The Gdov and Yamburg Detachments of the 7th Red Army attacked the German Infanterie-Regiment Nr. 405 defending the city of Narva on 22 November 1918. The 6th Red Division captured the railway junction of Tapa from the freshly formed 4th and 5th Regiments of the Estonian Land Forces on 24 December and advanced to 34 km from the capital Tallinn. On 29 November in Narva, Estonian Bolsheviks led by Jaan Anvelt proclaimed a Soviet republic — "Commune of the Working People of Estonia". In south Estonia, the 49th Red Latvian Rifle Regiment took the railway junction of Valga on 17 December and the city of Tartu on 24 December. The Estonian Army stopped the 7th Red Army's advance along the entire front on 2–5 January 1919. Two days later Estonian forces began the counteroffensive to completely expel the Soviet forces from Estonia. A Finnish volunteer marine brigade landed in the rear of the 6th Red Division, and the 1st Estonian Division captured Narva on 18 January.

Subsequently, the northeastern front stabilized along the Narva river. In south Estonia, the Estonian commando-type Tartumaa Partisan Battalion drove the Red Latvian rifle regiments out of Valga on 31 January. The 7th Red Army was temporally forced out of the boundaries of Estonia. On 16 February the Red Army started a counteroffensive to recapture Estonia. The Soviet forces, including units of so-called Estonian Red Riflemen, captured the areas of Setomaa, Vastseliina and Räpina by 15 March.

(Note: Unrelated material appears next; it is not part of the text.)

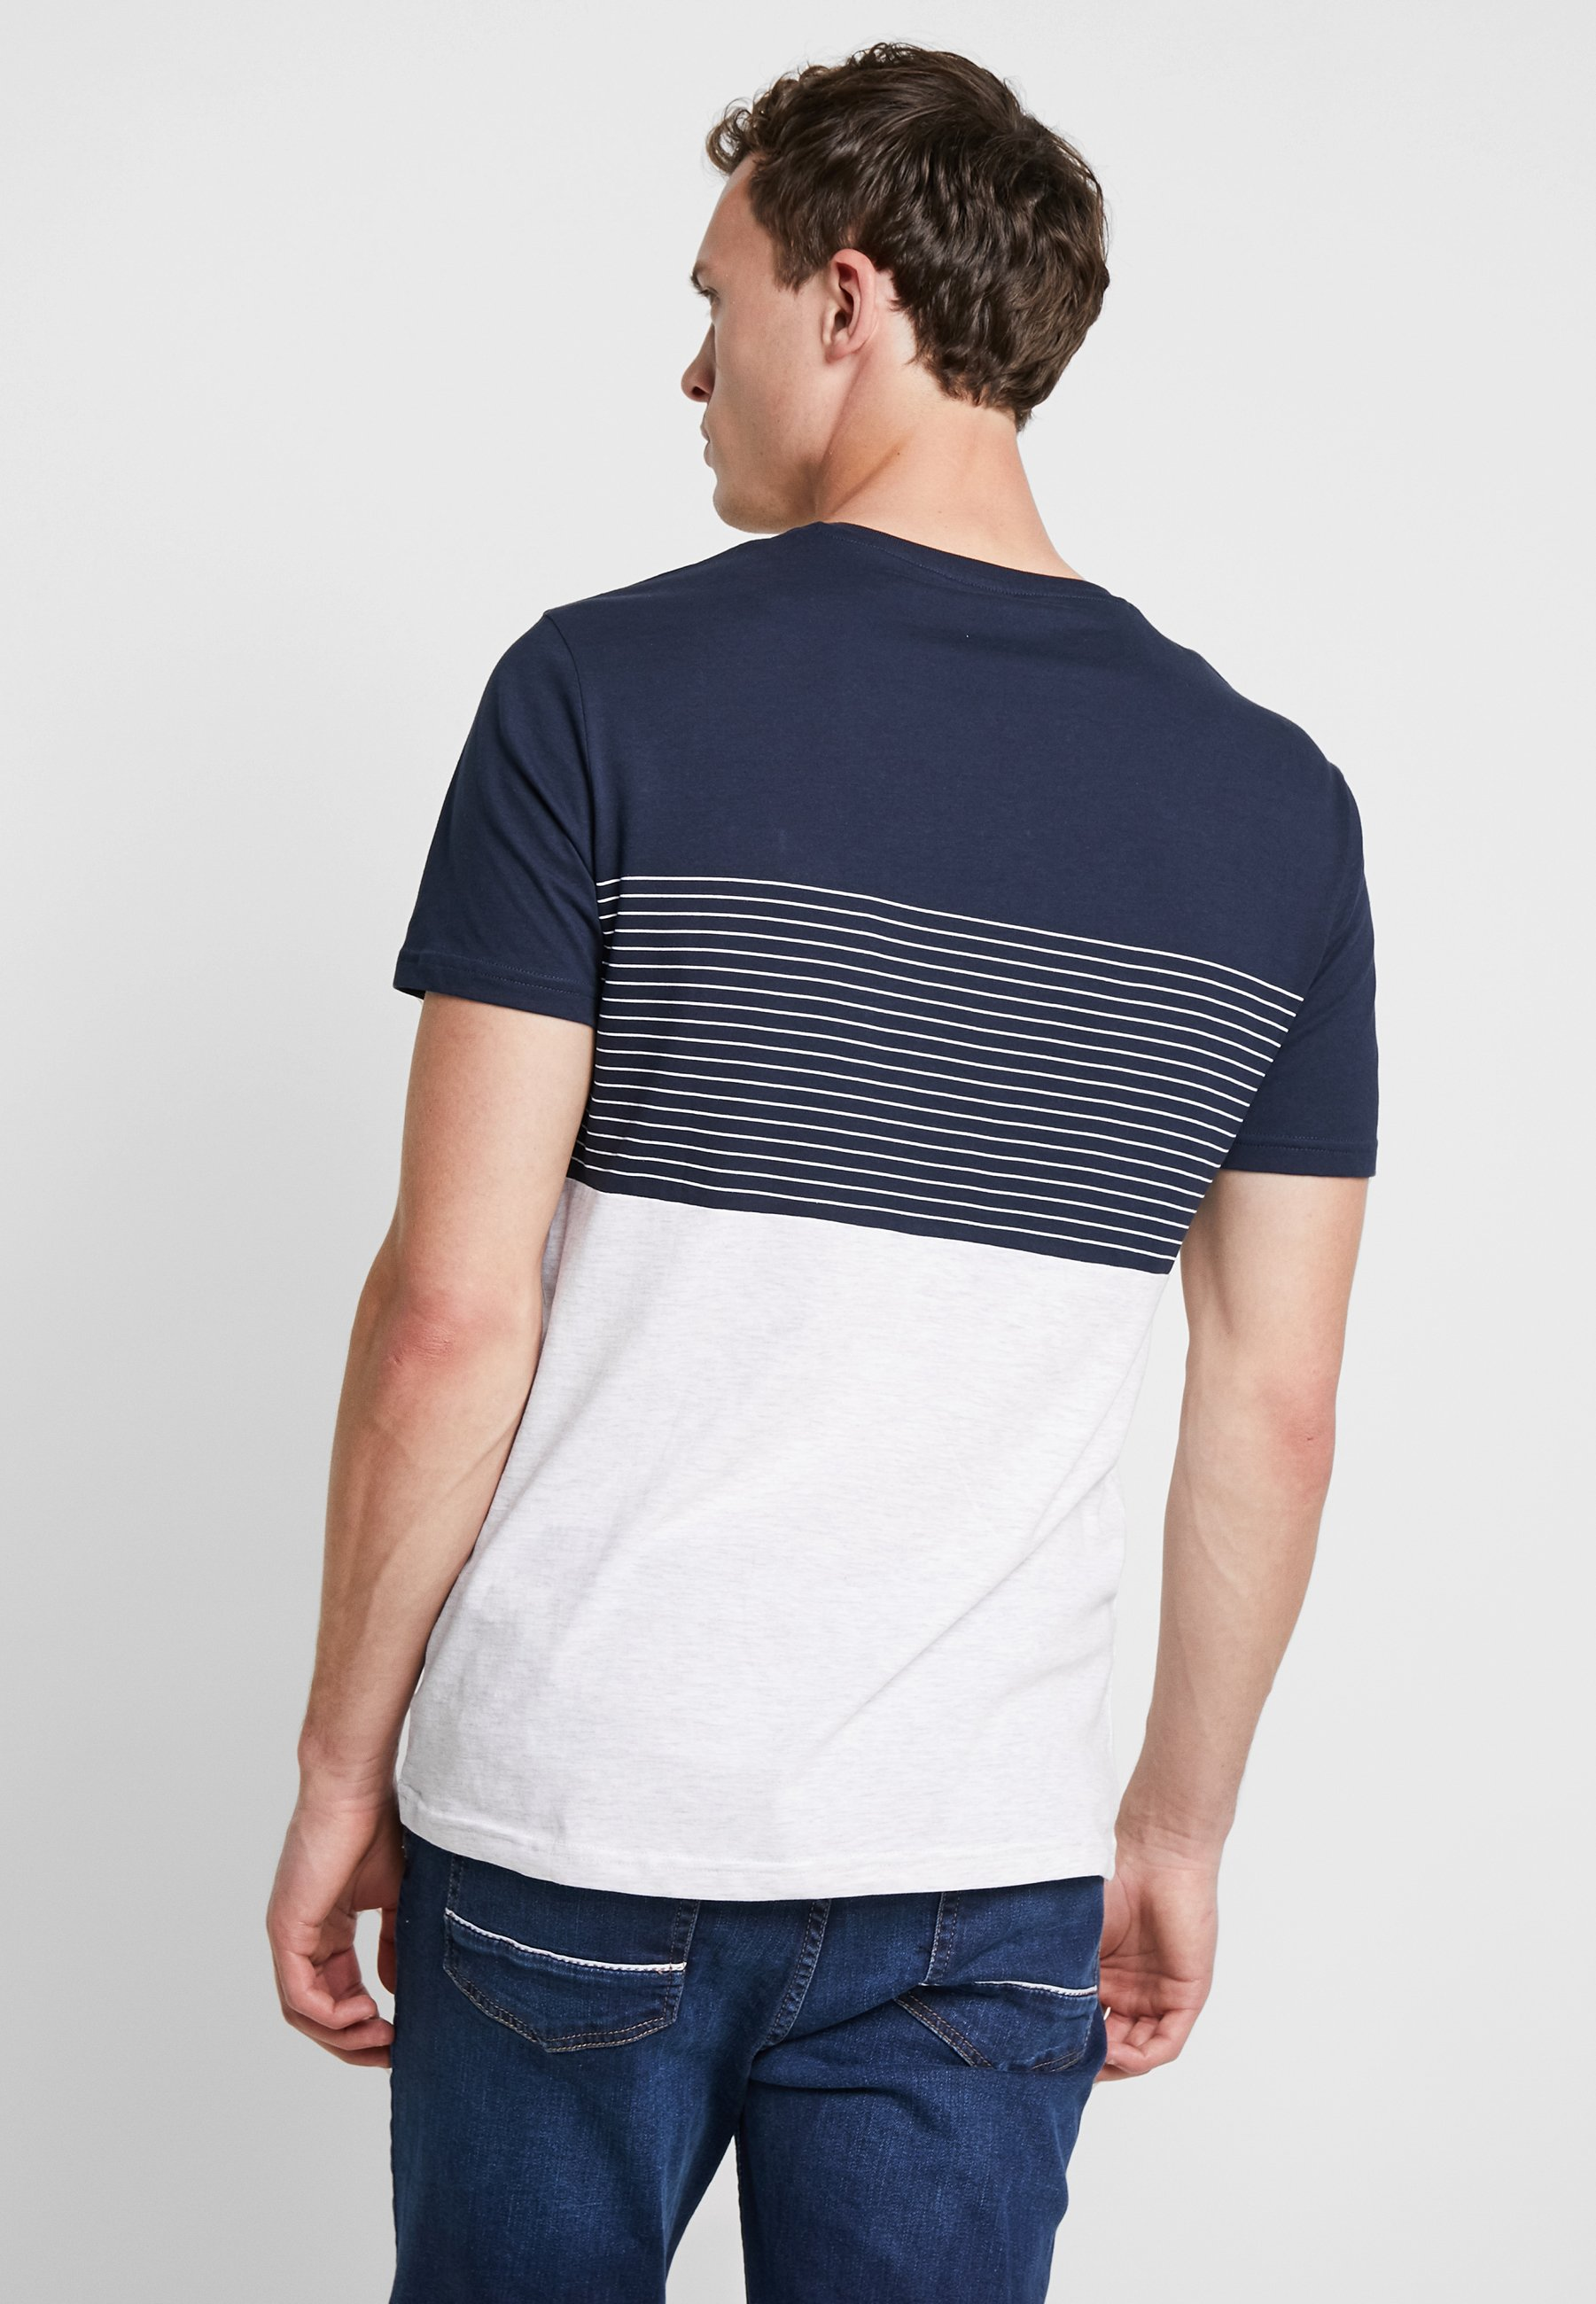 Pier ImpriméDark shirt T One Blue u35TF1lKcJ

The Estonian 2nd Division counterattacked and recaptured Petseri by 28 March. Similar combat took place between the Estonian Army and the Northern Group of the Latvian Red Army along the Ainaži–Strenči–Alūksne front stabilised in north Latvia. In the positions along the Narva river, the Estonian 1st Division repelled 7th Red Army attacks.

===Byelorussian direction===
The Red Army entered Polotsk on 21 November, Drissa and Rahachow on 22 November, Zhlobin on 24 November, Babruysk on 28 November, Barysaw on 3 December, Slutsk on 8 December and Igumen on 9 December. On 10 December 1918, the Red Army entered Minsk almost unopposed, putting an end to the short-lived Belarusian People's Republic. On 1 January 1919, the Socialist Soviet Republic of Byelorussia (SSRB) was proclaimed in Smolensk. On 8 January, the SSRB government relocated to Minsk. At the same time, Polish and Belarusian self-defence units sprung up across western Belarus. Ill-equipped and composed mostly of local recruits, they were determined to defend their homes from what the newspapers described as a "Red menace". Similar Bolshevik groups were operating in the sector and a series of skirmishes ensued. The Polish-Soviet struggle over Vilna in the first week of 1919 was a sign of things to come, as the Polish militia was forced to withdraw after the first organised units of the Soviet Western Army entered the city. In response, the Polish Army started sending units eastwards to help the self-defence units, while the Soviets did the same but in the opposite direction. Open conflict seemed inevitable.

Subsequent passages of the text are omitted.